October 31, 2016

One poem by Sudeep Adhikari

Mountains are Memories


Borrowing few pints of green loneliness
from the mountains of Baitadi
The road winds-unwinds, like a drunk.   
It keeps folding unto itself, underneath
the shades of UFOs
made of silver and skeletal clouds.

A blanket of sad vapors
slowly ascends
from the sleepless Mahakali,
just before the ghosts of evening find me.  

An unknown longing, an ache you
can’t name.
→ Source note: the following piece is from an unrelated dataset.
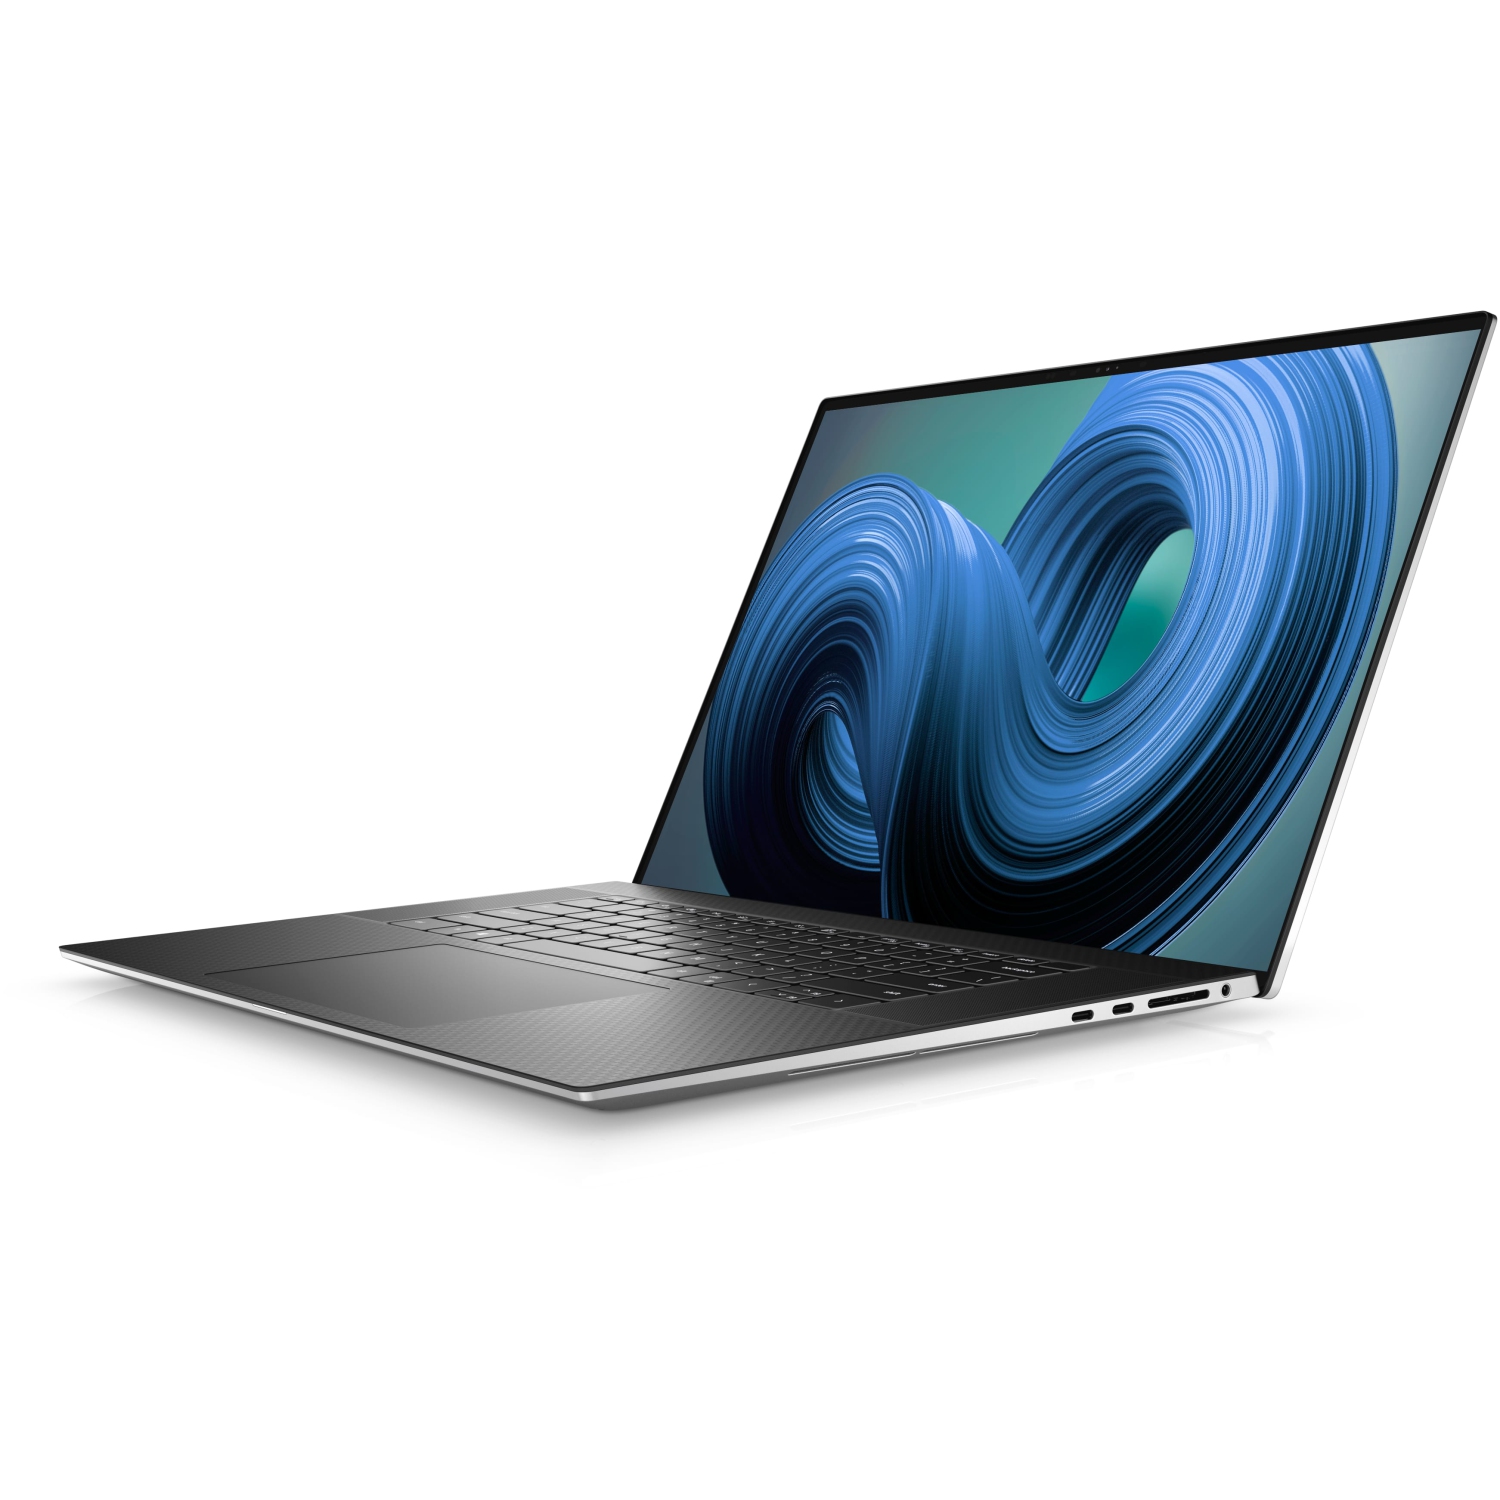 Refurbished (Excellent) – Dell XPS 9720 Laptop (2022) | 17" 4K Touch | Core i7 - 2TB SSD - 32GB RAM - RTX 3060 | 14 Cores @ 4.7 GHz - 12th Gen CPU - 12GB GDDR6
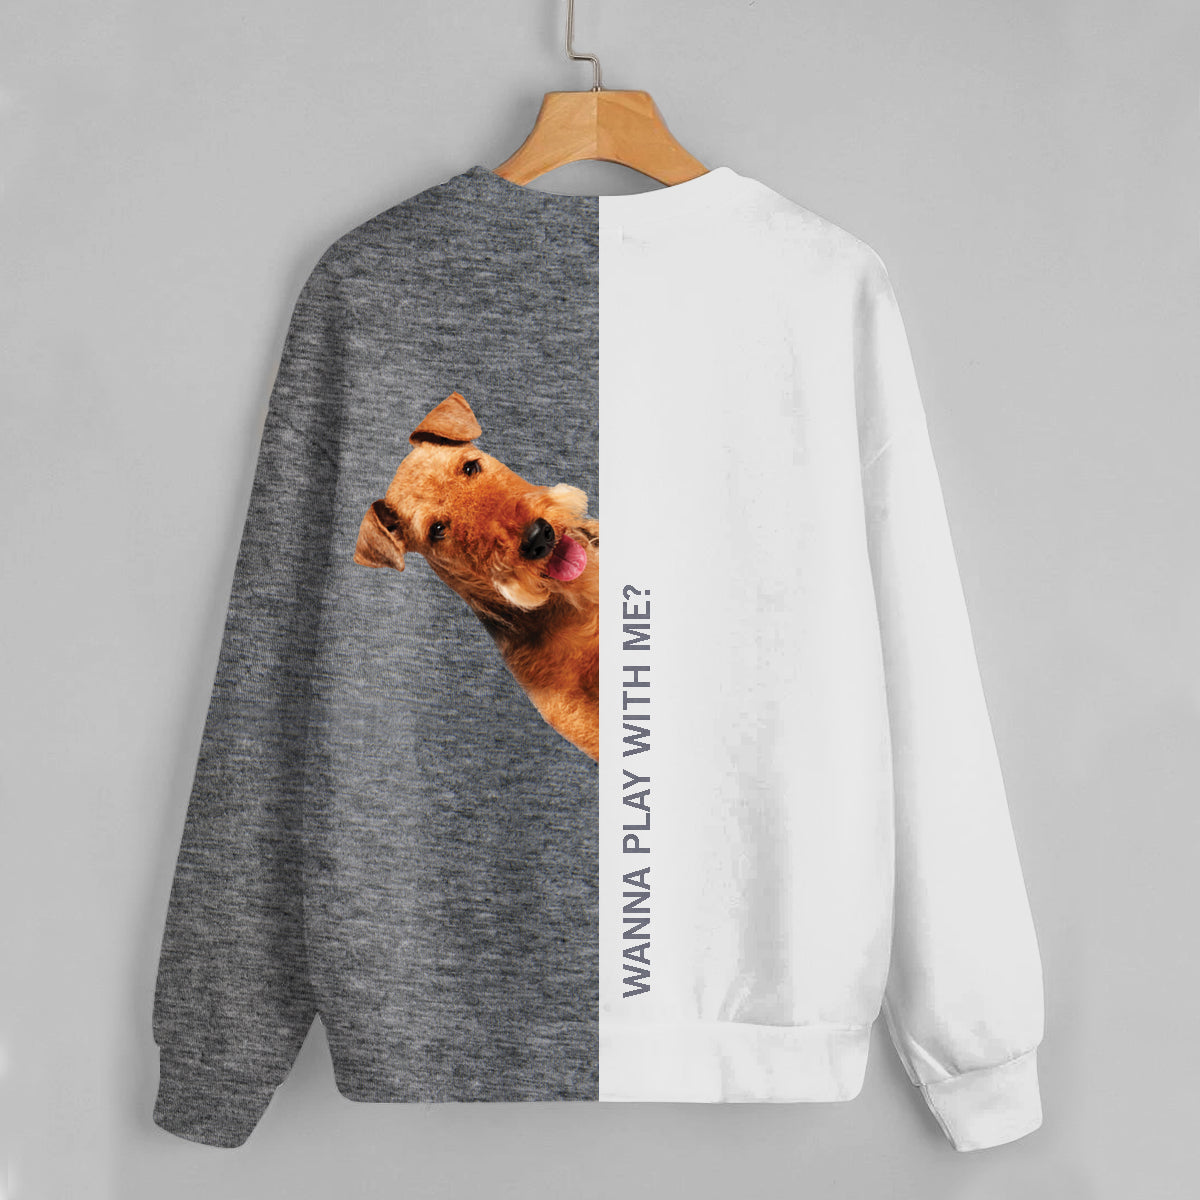 Funny Happy Time - Airedale Terrier Sweatshirt V1

The road and the traveler,
we both are haunted. We both are shapes of
question-marks, anxieties and bends. 

My boss asks the driver:
"How far is Darchula now?” I don't  
even want to know, I don't want to
make a sound. The silence is too
God, too frail to touch.  

[Baitadi, Darchula: The far-western Nepal;
Mahakali: One of the largest rivers of Nepal]


SUDEEP ADHIKARI, from Kathmandu Nepal, is professionally a PhD in Structural-Engineering. He lives in Kathmandu with his wife and family and works as an Engineering-Consultant.  His poetry has found place in many online literary journals/ magazines, the recent being Kyoto (Japan), Scarlet Leaf Review (Canada), Red Fez (USA), Zombie Logic Review (USA), Uneven Floor (Australia), Dark Matter Journal (USA) and Open Mouse (Scotland).